Niente spazi, stagione culturale a rischio

3 Ottobre 2019

Dal Tsa alla Barattelli, dai Solisti Aquilani all’Istituzione Sinfonica non ci sono strutture adeguate e il Ridotto resta chiuso

L’AQUILA. Una lettera via mail della Società dei Concerti “Bonaventura Barattelli”, spedita dal direttore artistico Fabrizio Pezzopane (nell’ente musicale dal 1976) indirizzata al Comune, scuote in queste ore il mondo culturale cittadino. Come se non bastassero le polemiche sul Festival degli Incontri – per il quale il sindaco, Pierluigi Biondi, è ancora in attesa di una convocazione da parte del Mibac – la Barattelli chiede all’amministrazione comunale la disponibilità dell’Auditorium del Parco del Castello per alcuni concerti della nuova stagione, vista l’indisponibilità del Ridotto del Teatro comunale, dopo la diffida di vigili del fuoco e prefettura. La struttura culturale, che ospita anche la sede dell’Istituzione Sinfonica Abruzzese, è chiusa da una settimana e non c’è una data certa sulla riapertura. «Abbiamo bisogno di spazi adeguati, con un palco adeguato alle orchestre che ospitiamo. E non possiamo regolarci neppure sul numero di abbonamenti», dice il direttore artistico della Barattelli, Pezzopane. «Inoltre, abbiamo dovuto tenere conto anche del Festival degli Incontri e per questo motivo avevamo già dirottato il concerto inaugurale all’Auditorium del Parco. Che, però, contiene al massimo 250 spettatori (190 più 48 nel retropalco, ndr), contro i 350 del Ridotto. Parliamo sempre di strutture piccole, perché purtroppo L’Aquila non è mai riuscita a dotarsi di un Auditorium per il grande pubblico».

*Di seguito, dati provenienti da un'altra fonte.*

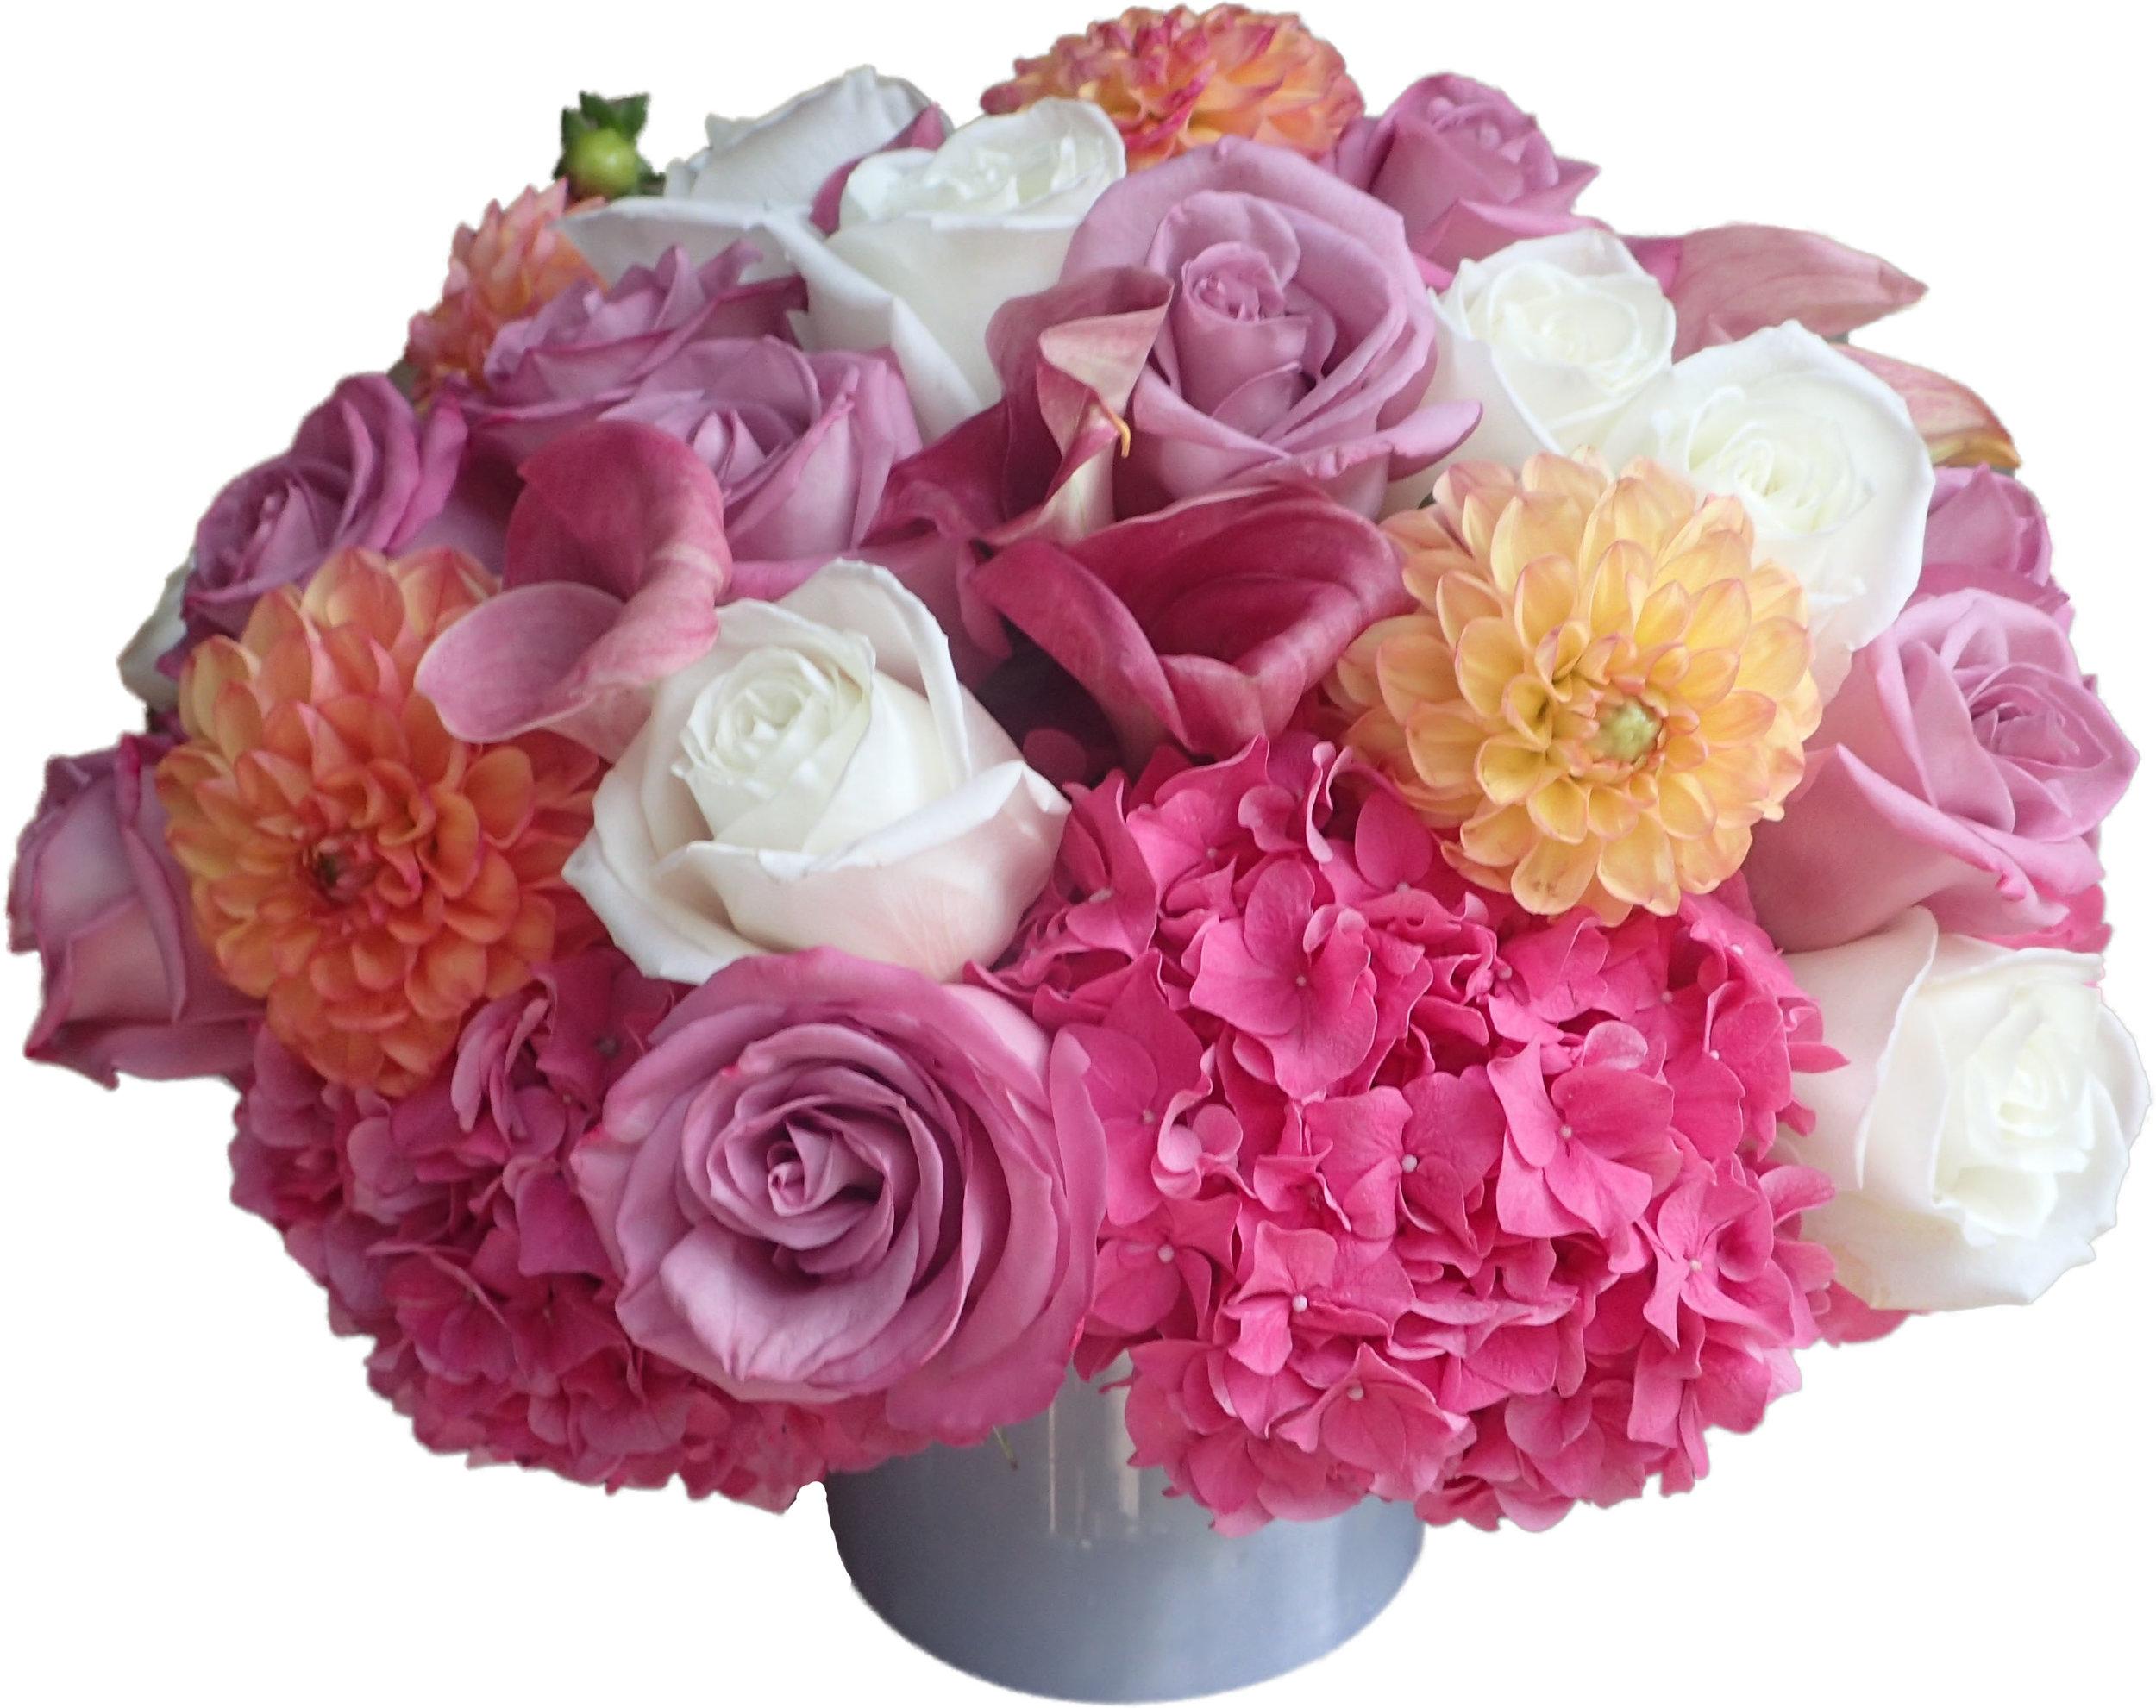 Pastel Rose, Dahlia, Hydrangea Mix starts at $250

E questo è il punto dolente: dai miliardi volati durante Italia ’90 a quelli per il Giubileo del 2000 e, non ultime, le donazioni tipo il PalaJapan (a tutt’oggi ingestibile per gli alti costi), nessun politico-amministratore ha avuto la lungimiranza di costruire uno spazio per la cultura per accogliere un migliaio di spettatori, con un palco per grandi orchestre che, all’Aquila, al momento sono impossibili da poter ospitare. Se da un lato l’assessore alla Ricostruzione, Vittorio Fabrizi, assicura che il Comune cercherà di fare presto per i lavori dl Ridotto, dall’altro muoversi, per un ente pubblico, in fatto di opere da mettere in cantiere, non è né semplice, né rapido.

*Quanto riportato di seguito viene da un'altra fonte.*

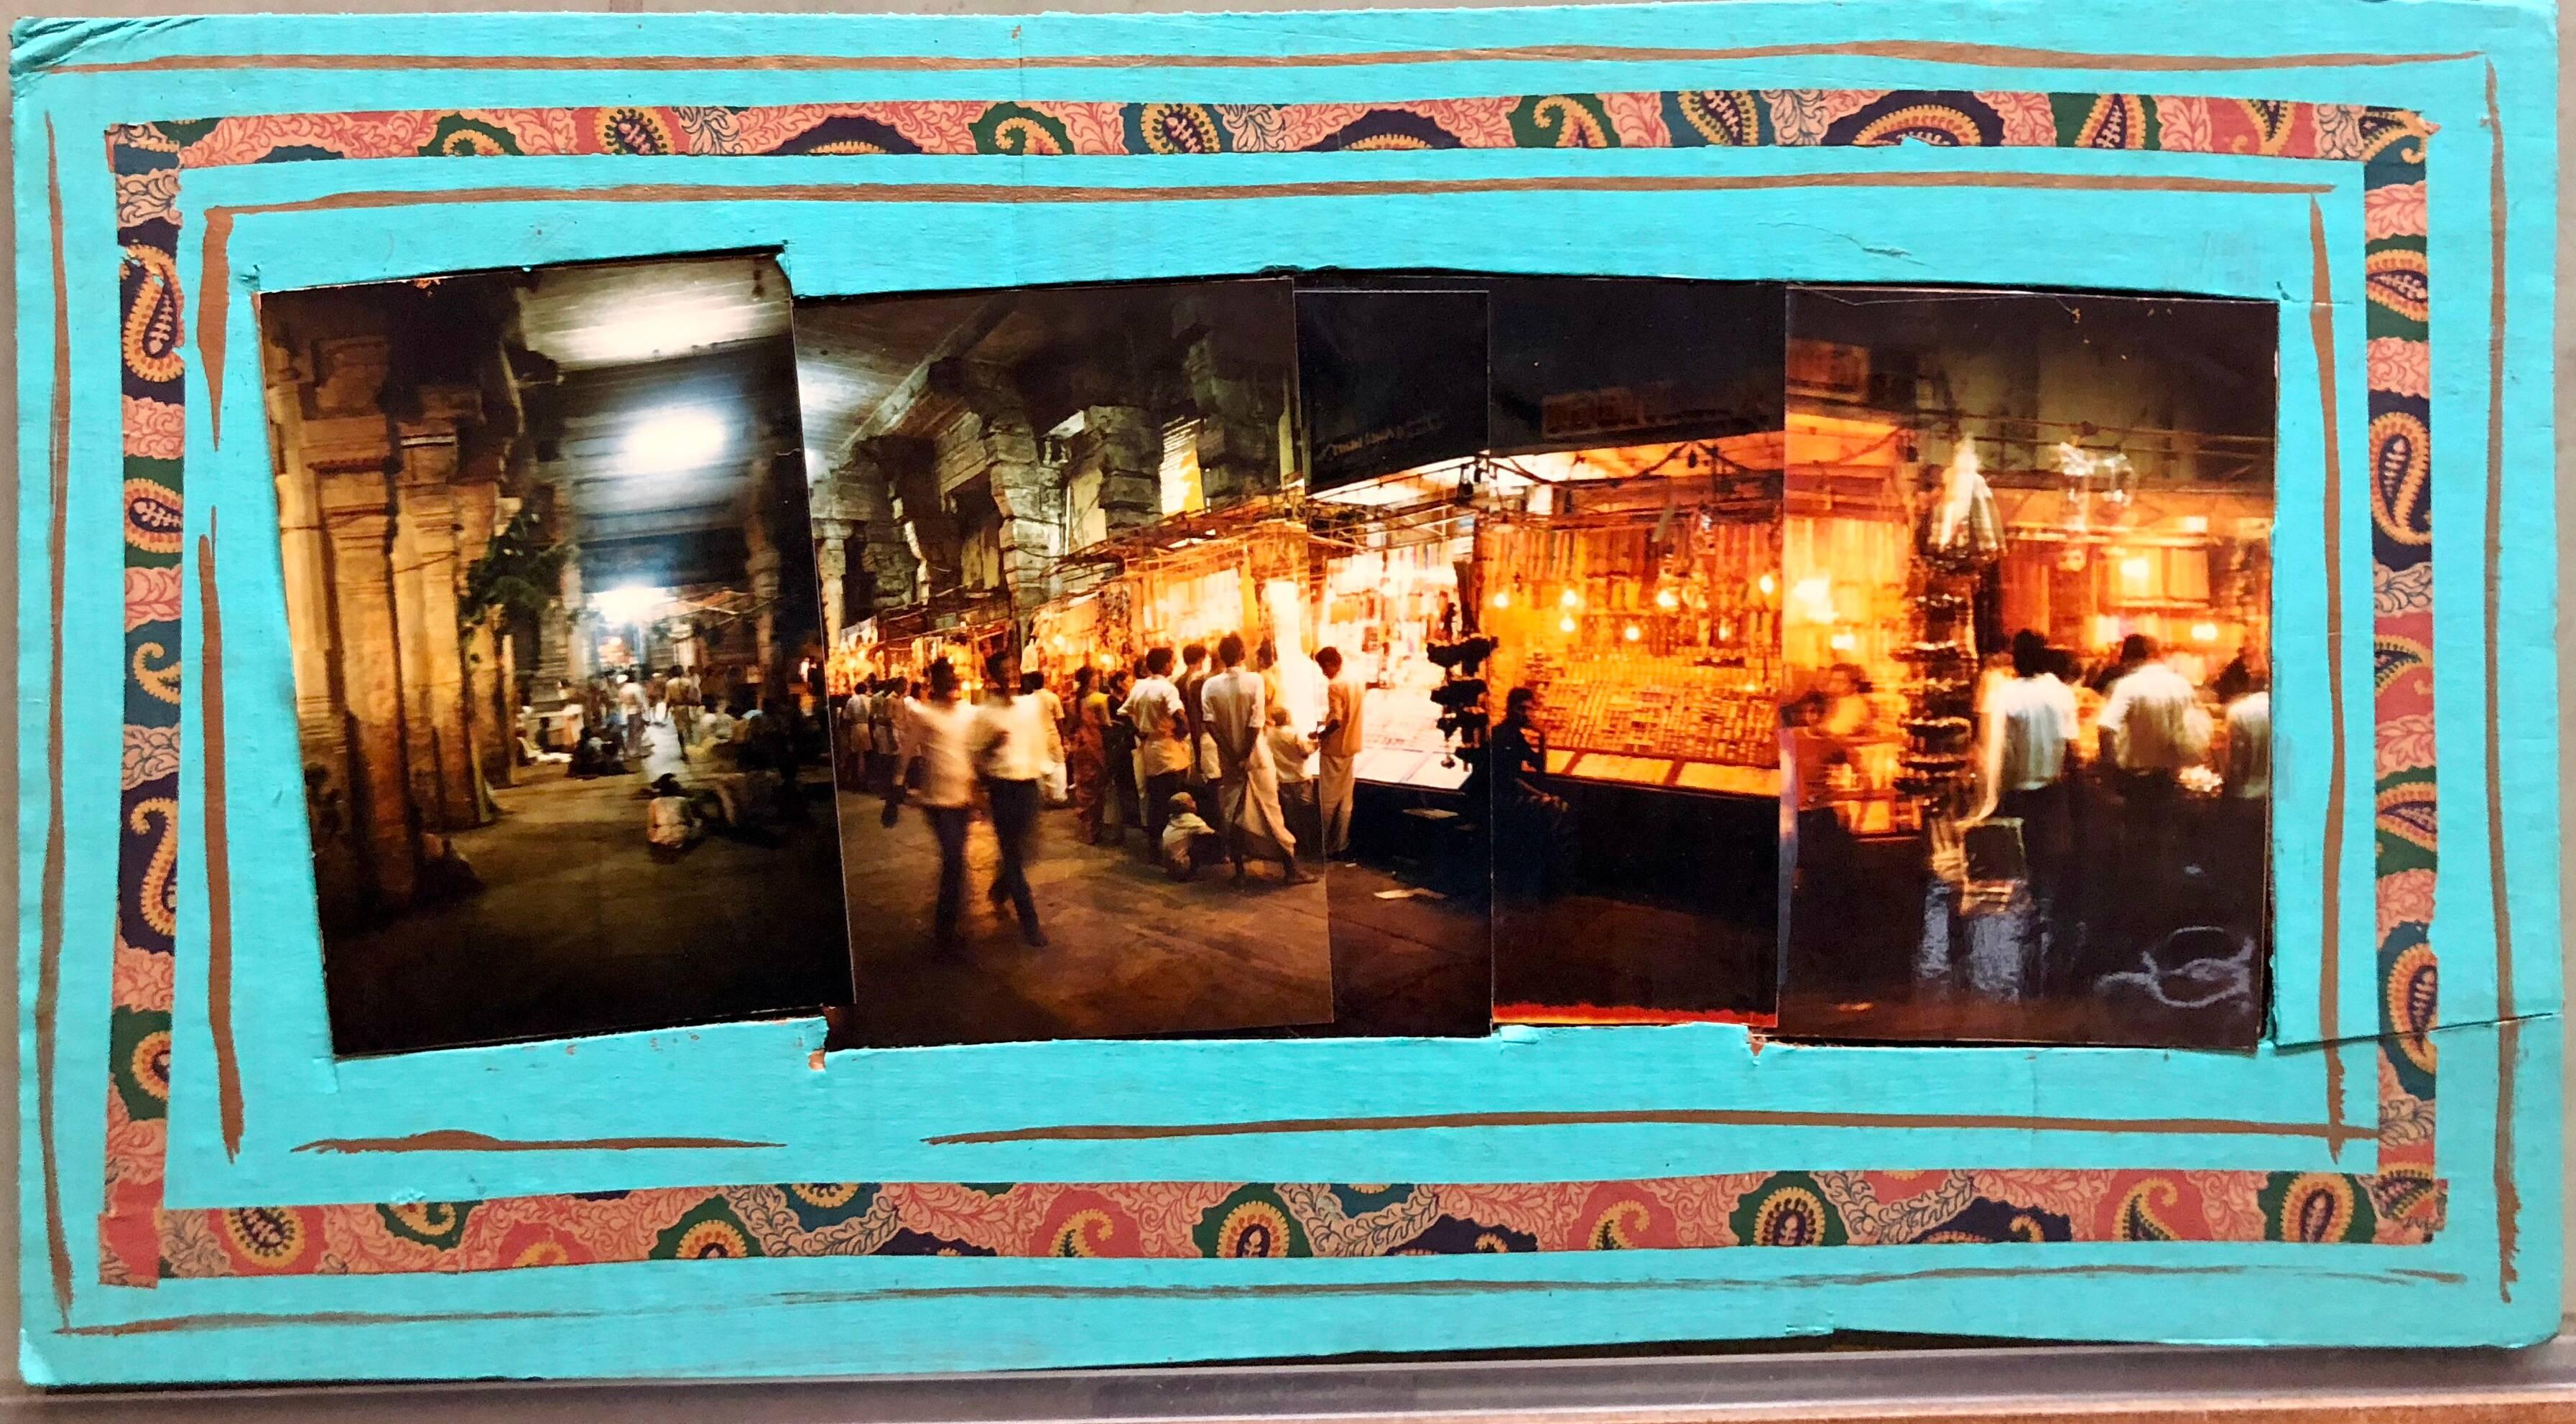 Sri Ranganathanswamy Temple, Trichi, 1992, Photo Prints on Cardboard, Collage

«Bisogna fornire una soluzione nel più breve tempo possibile», sostiene il presidente del Tsa, Annalisa De Simone. Il Tsa, infatti, è tra i più penalizzati, visto che ha bisogno di un palco adeguato per impianti scenici a volte anche importanti. «Il tempo è un fattore determinante per dare garanzie», sottolinea De Simone, «la paura è che i cittadini si sentano scoraggiati ad abbonarsi alla stagione di un qualsiasi Ente culturale aquilano, senza avere certezze che la stagione avvenga in uno spazio definito», conclude il presidente del Tsa. Nella stessa situazione anche l’Istituzione Sinfonica Abruzzese e I Solisti Aquilani.